● **Data block**:
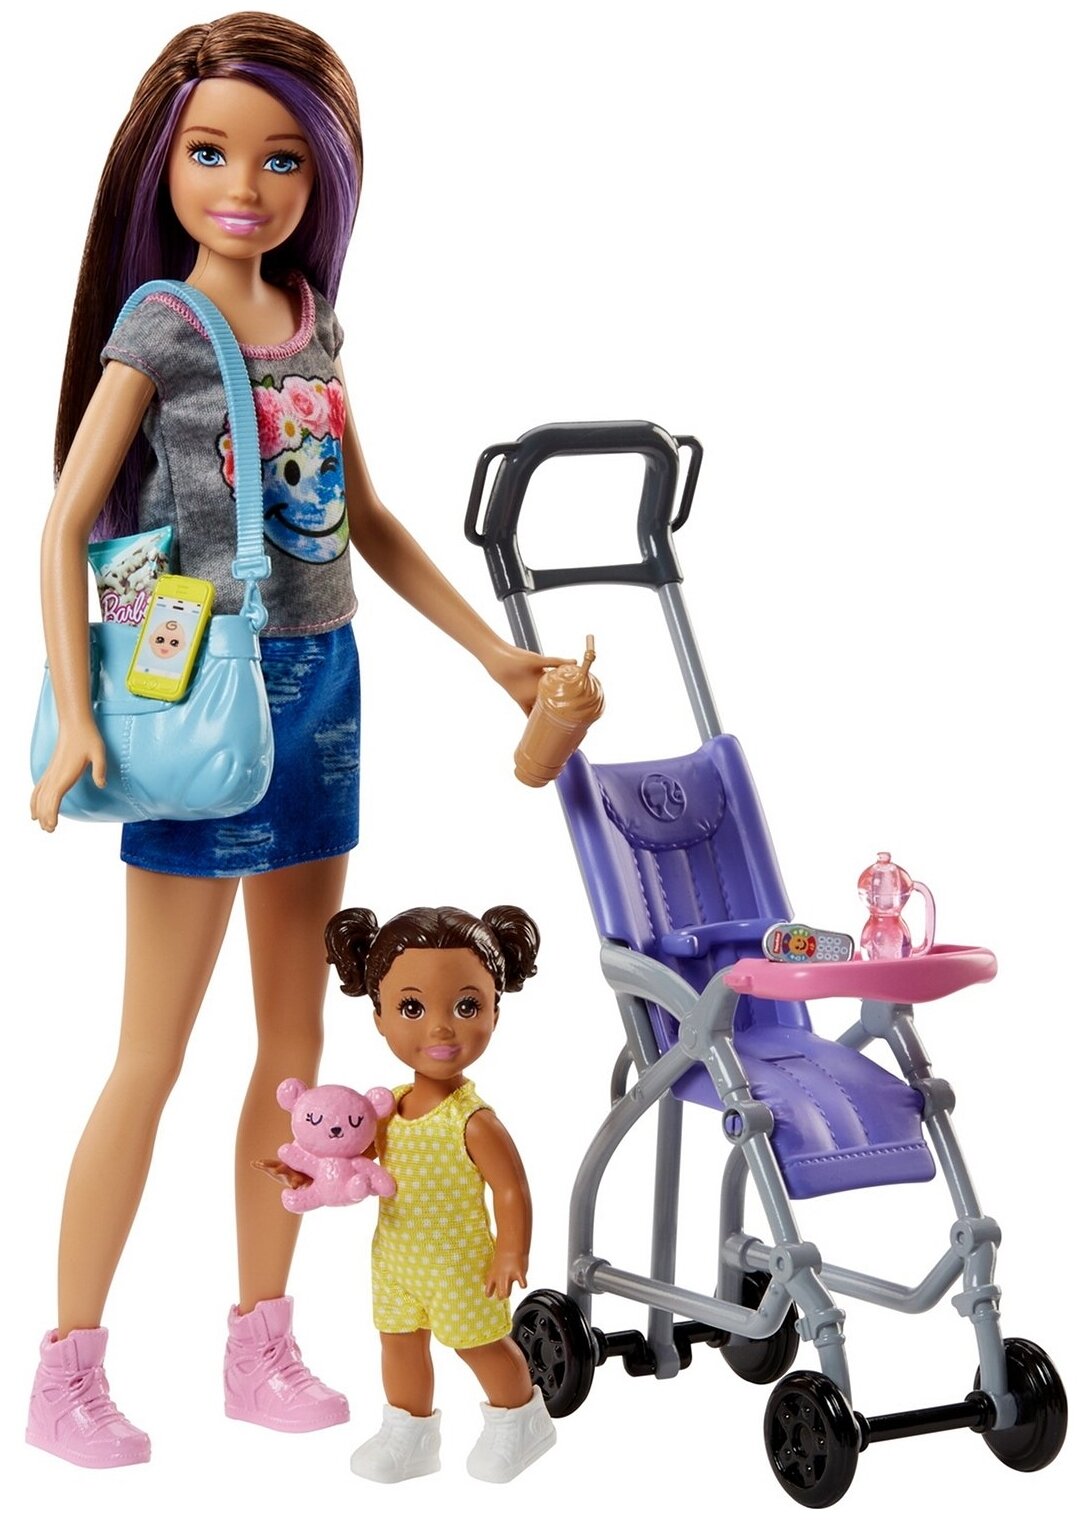 Набор игровой Barbie Няня Скиппер 2 куклы с аксессуарами Прогулка в коляске FJB00
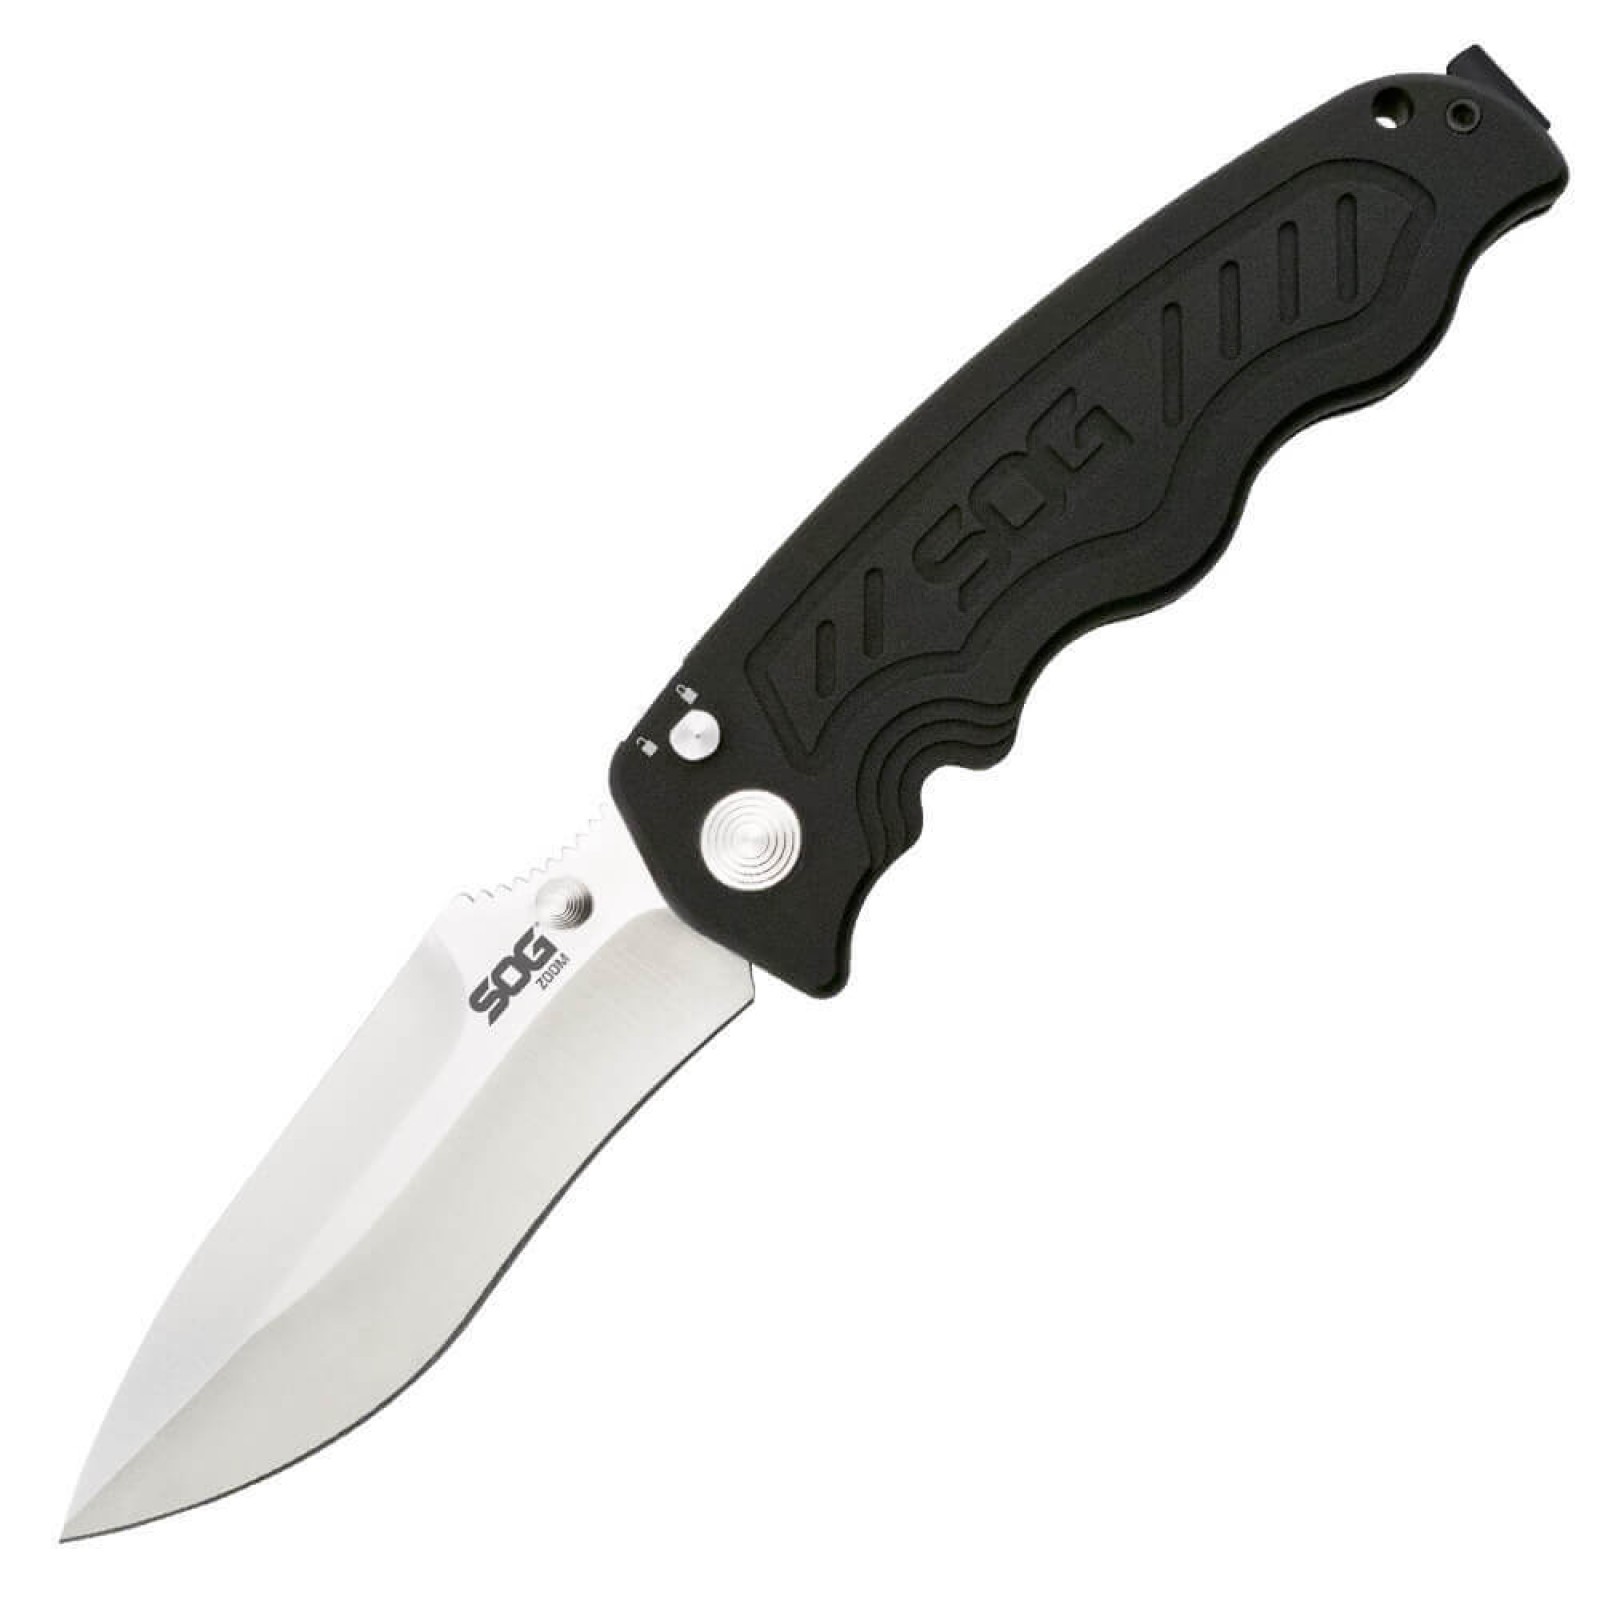 Складной нож Zoom - SOG ZM1011, сталь лезвия AUS-8 Satin Polished, рукоять алюминий, чёрный - фото 2
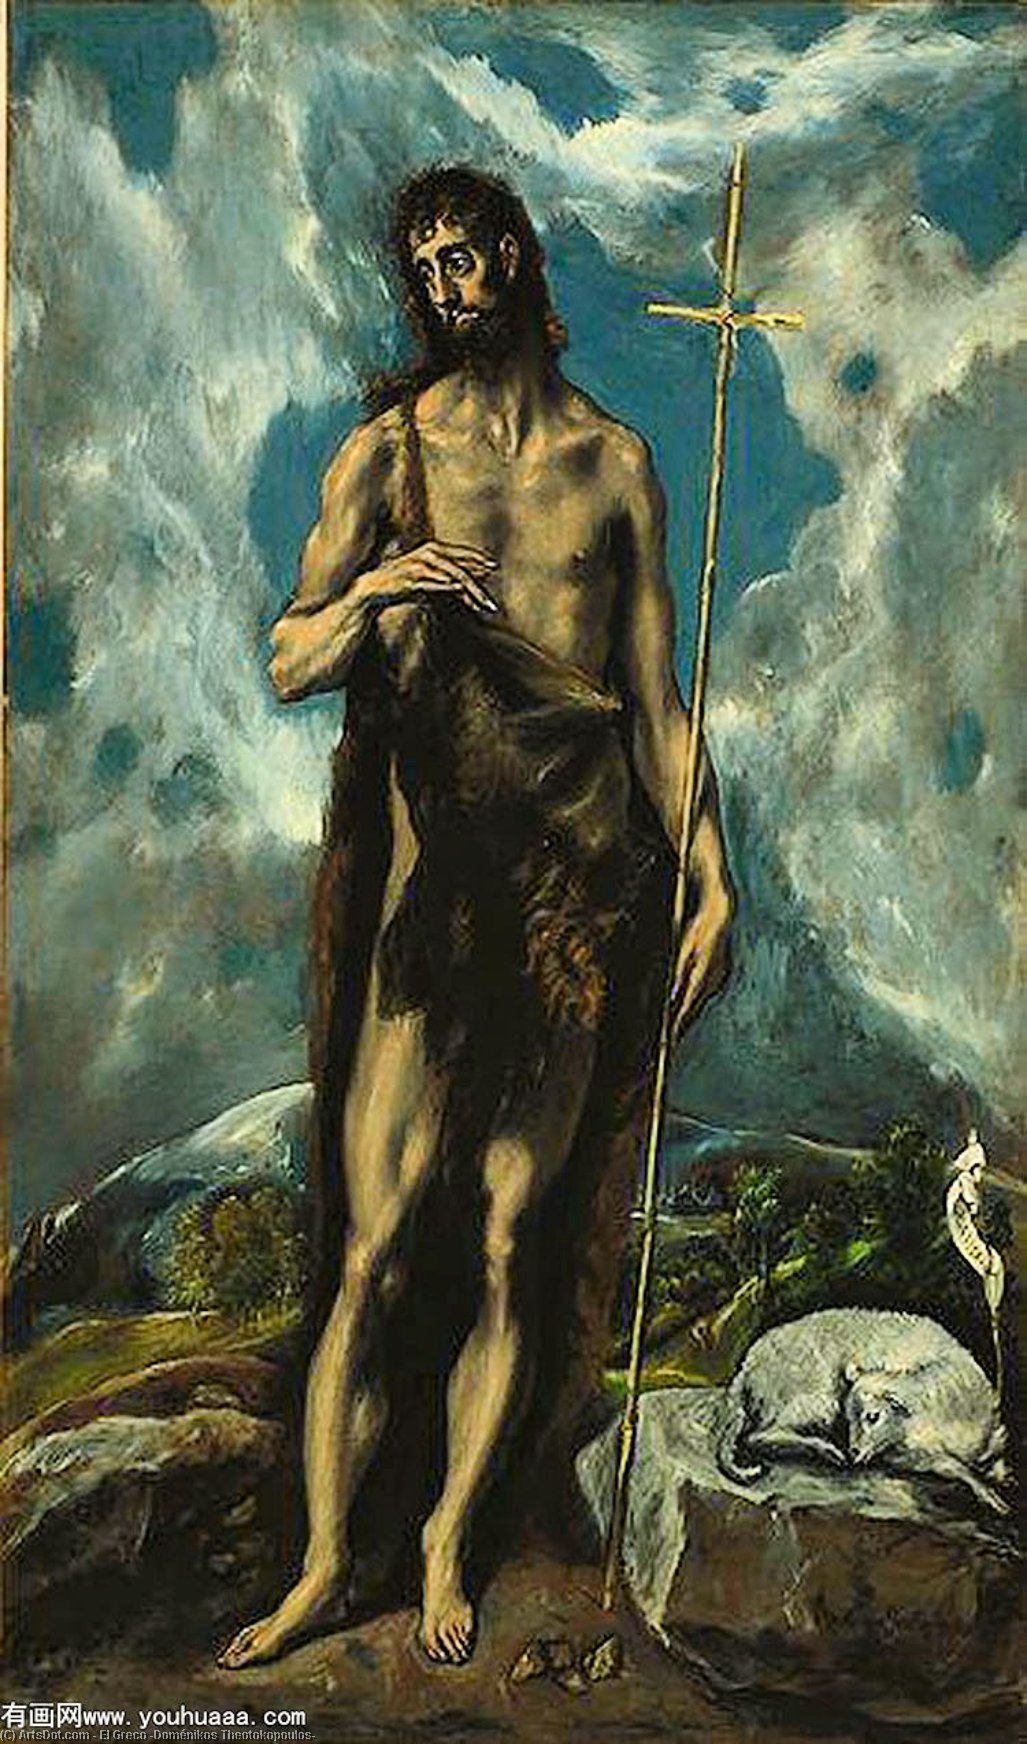 WikiOO.org - Encyclopedia of Fine Arts - Maalaus, taideteos El Greco (Doménikos Theotokopoulos) - baptis

● **Work required**: Set down nothing but the lines from the one containing "Складной нож Zoom" to the final line above, both included, with every picture left out.

● **Written answer**:
 Складной нож Zoom - SOG ZM1011, сталь лезвия AUS-8 Satin Polished, рукоять алюминий, чёрный - фото 2
 WikiOO.org - Encyclopedia of Fine Arts - Maalaus, taideteos El Greco (Doménikos Theotokopoulos) - baptis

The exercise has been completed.